Kalaallitkigun is an extinct genus of haramiyidan mammaliaforms from the Late Triassic of Greenland. It contains a single species, Kalaallitkigun jenkinsi, which was described in 2020 from a partial dentary (lower jaw) found in the Fleming Fjord Formation. More specifically, it was found in the mid-late Norian (~215 Ma) Carlsberg Fjord beds of the Ørsted Dal Member. It is the oldest of several mammaliaform species discovered in the Late Triassic sediments of Greenland. It is also the oldest mammaliaform with double-rooted teeth, and its pattern of tooth cusps help to clarify the evolution of haramiyidan teeth relative to their morganucodont-like ancestors.

==Description==
The holotype and only known specimen consists of a partial dentary preserving two teeth: the first premolariform (pm1) and second molariform (m2). Empty alveoli (sockets) for three more premolariforms and two more molariforms are also present in the preserved portion of the jaw. This gives a total number of four premolariforms and three molariforms, similar to Haramiyavia. The front of the dentary is broken off, so the shape and number of incisor and canine teeth are unknown. The thinnest portions of the posterior dentary are also not preserved.

The dentary was relatively large, with proportionally small teeth. The meckelian groove, a furrow on the lingual (internal) surface of the dentary, widens towards the rear and merges with the postdentary trough (the groove which hosts the postdentary bones). The postdentary trough slopes upwards and is divided from the overlying coronoid fossa via a strong ridge.
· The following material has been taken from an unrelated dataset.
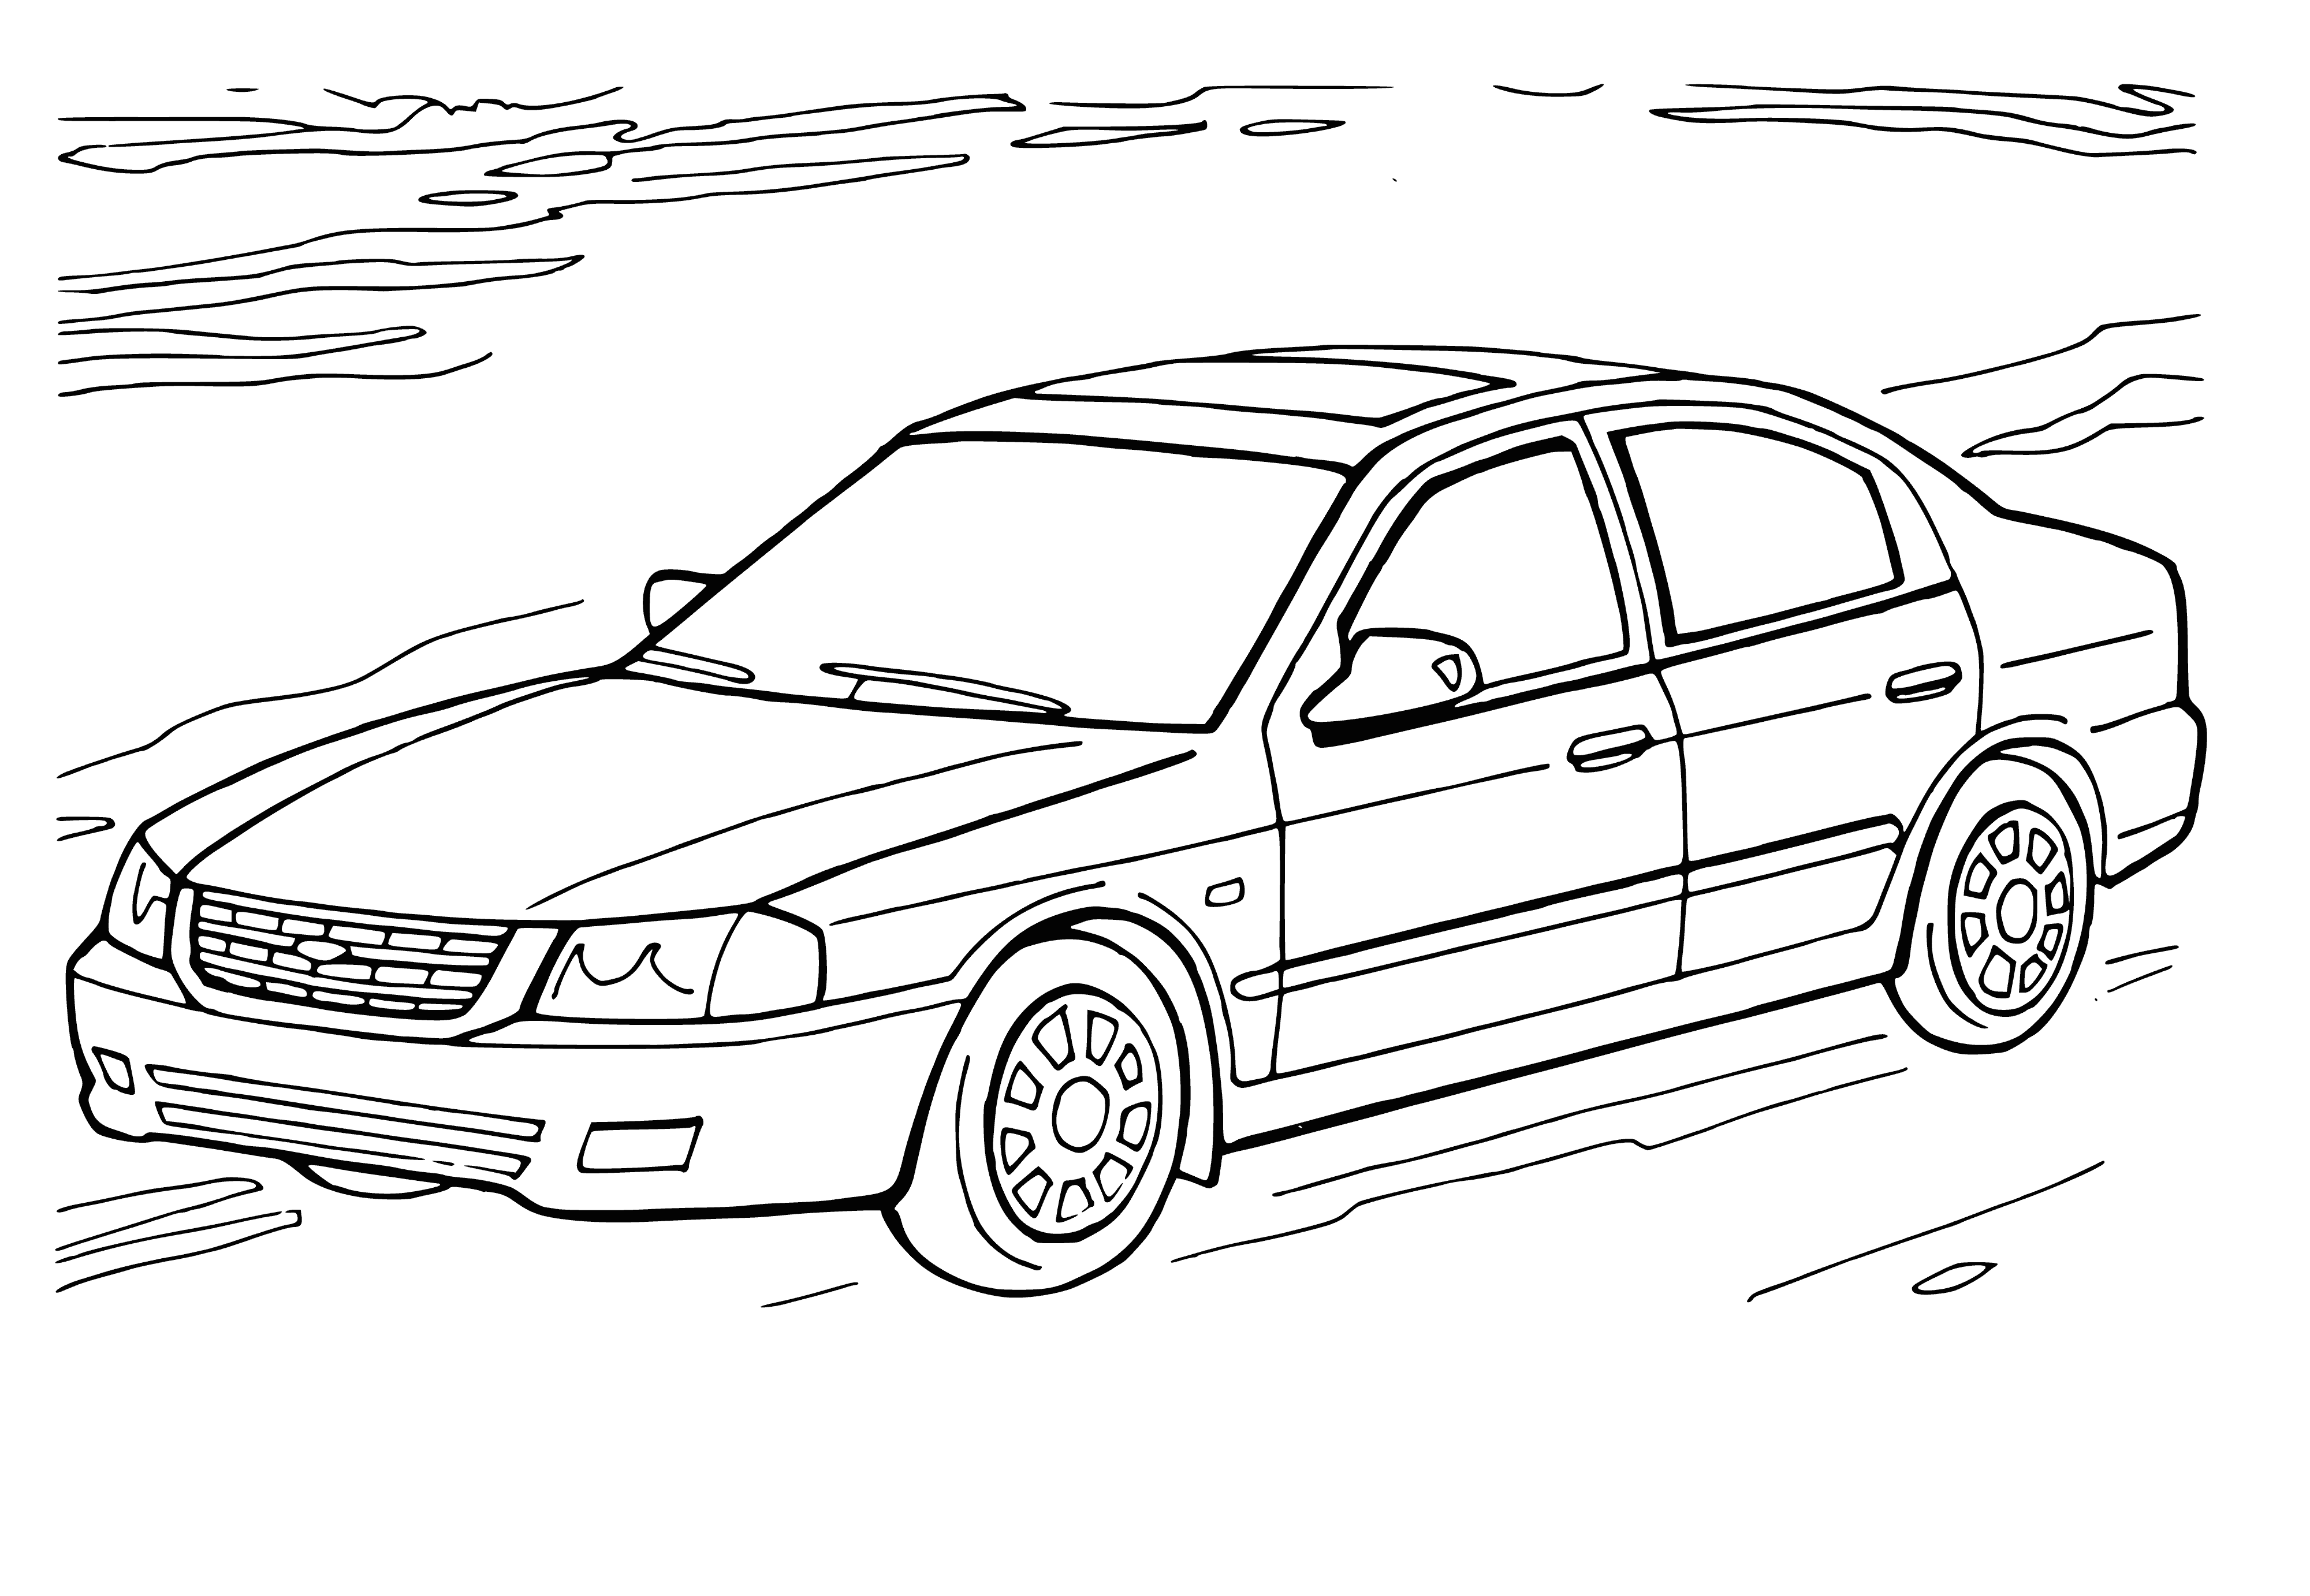 coloring page: Kia Magentis is a 4-door sedan seating 5 passengers & riding on 16-inch alloy wheels. It has a long nose, wide stance, short rear deck & body-color door handles & mirrors.
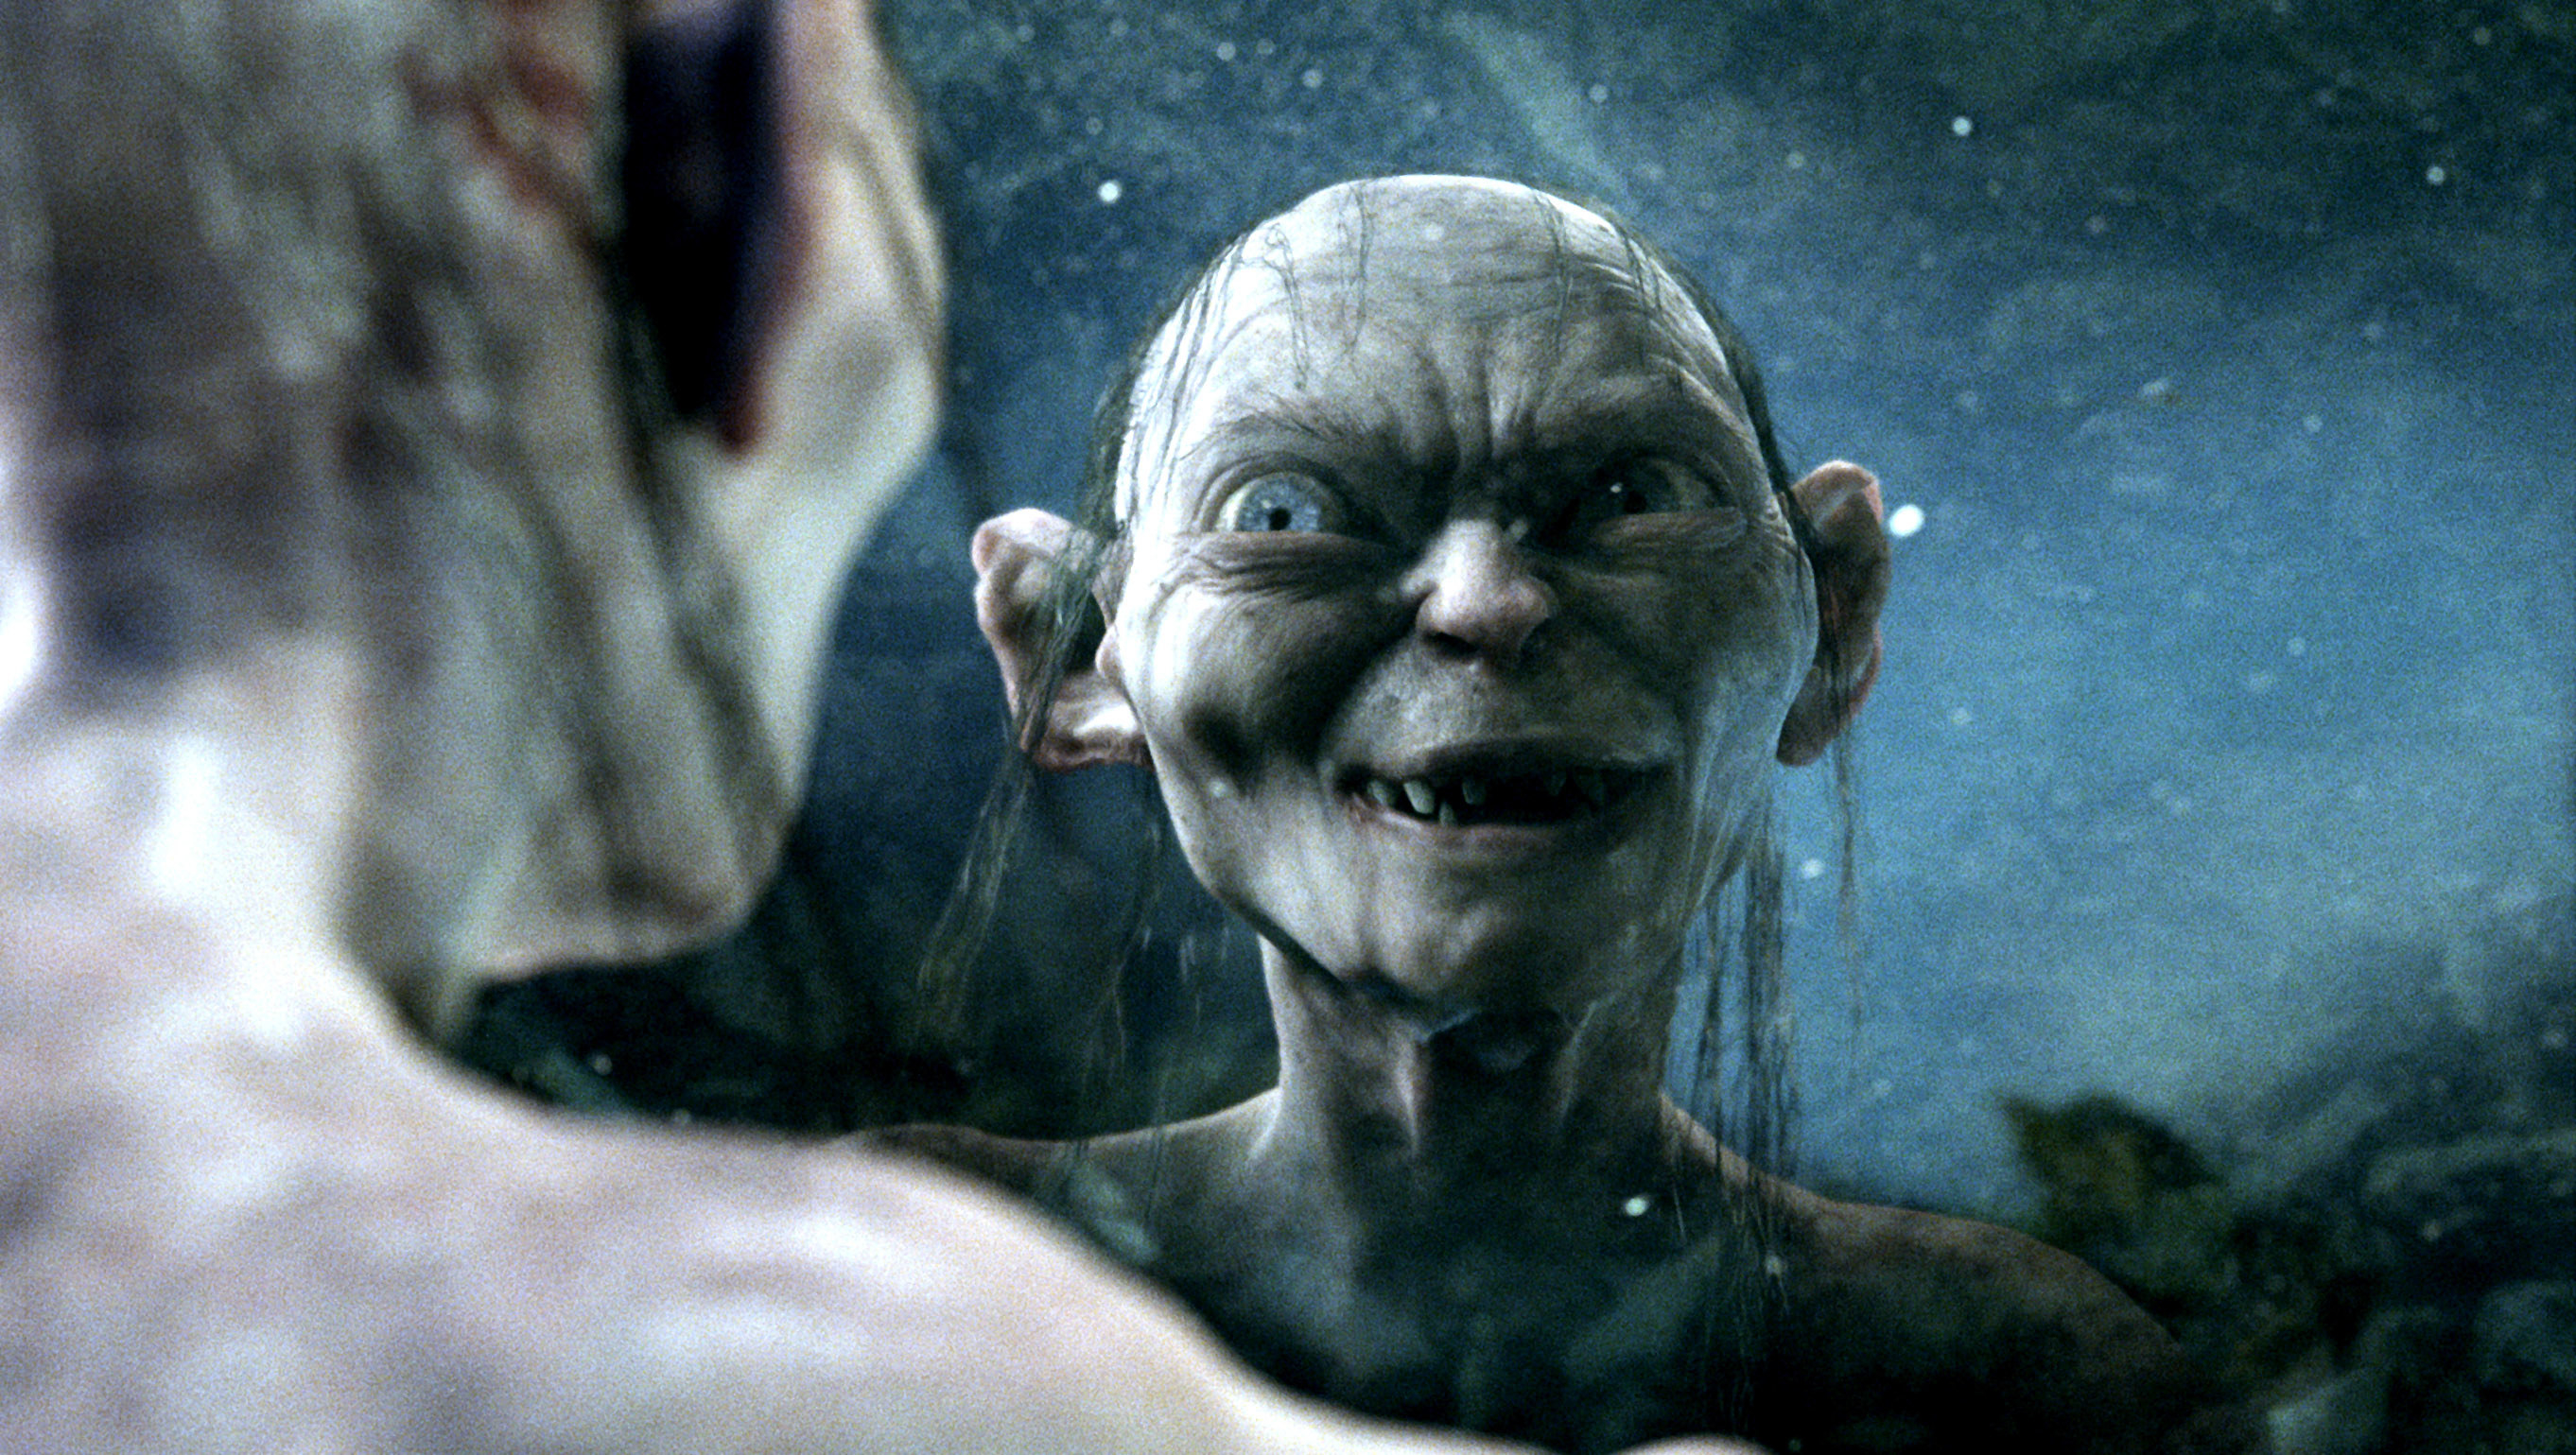 21 Details You Might Have Missed in 'the Lord of the Rings' Movies

Unlike Morganucodon and earlier cynodonts, there is no groove on the inner surface directly under the molariform teeth. The masseteric fossa (on the outer rear surface of the dentary) is voluminous but shifted back past the level of the last molariform. The preserved premolariform tooth is single-rooted and simple, with a larger cusp at the front and a much smaller one at the back.

=== Molariform ===
The molariform m2 is intermediate in structure between the triconodont pattern seen in taxa such as Morganucodon (with large triangular cusps in a single row) and the specialized two-row pattern found in the more derived euharamiyidans. Like haramiyidans, there are two parallel rows of cusps separated by a median furrow. The four labial (outer/cheek side) cusps are homologous to the four main cusps of morganucodonts (from front to back: b, a, c, and d), with cusp a being the largest and cusp c as the second-largest. They can also be homologized to cusps b1 to b4 of Haramiyavia. In contrast to other haramiyidans (but like morganucodonts), the labial cusps of Kalaallitkigun are significantly larger than the cusps on the lingual (inner/tongue) side of the tooth. Cusp a in particular is large enough that it restricts the median furrow and divides the space into two basins.

In the lingual tooth row, there are four small cusps (e', g, g', and i'). These cusps are homologous to cusps a1 to a4 of Haramiyavia. Cusp g, though still small, is the largest cusp in the lingual row, lying inwards from cusps a and c. Two additional small cusps are present in the tooth: cusps e (at the front tip) and i (the rear tip). The holotype of Kalaallitkigun is the oldest mammaliaform fossil with two roots per tooth, a condition which occurs in all molariforms and the last premolariform in the fossil, according to the shape of tooth sockets. The splitting of the root probably helped to reduce stresses at the crown-root boundary of the tooth.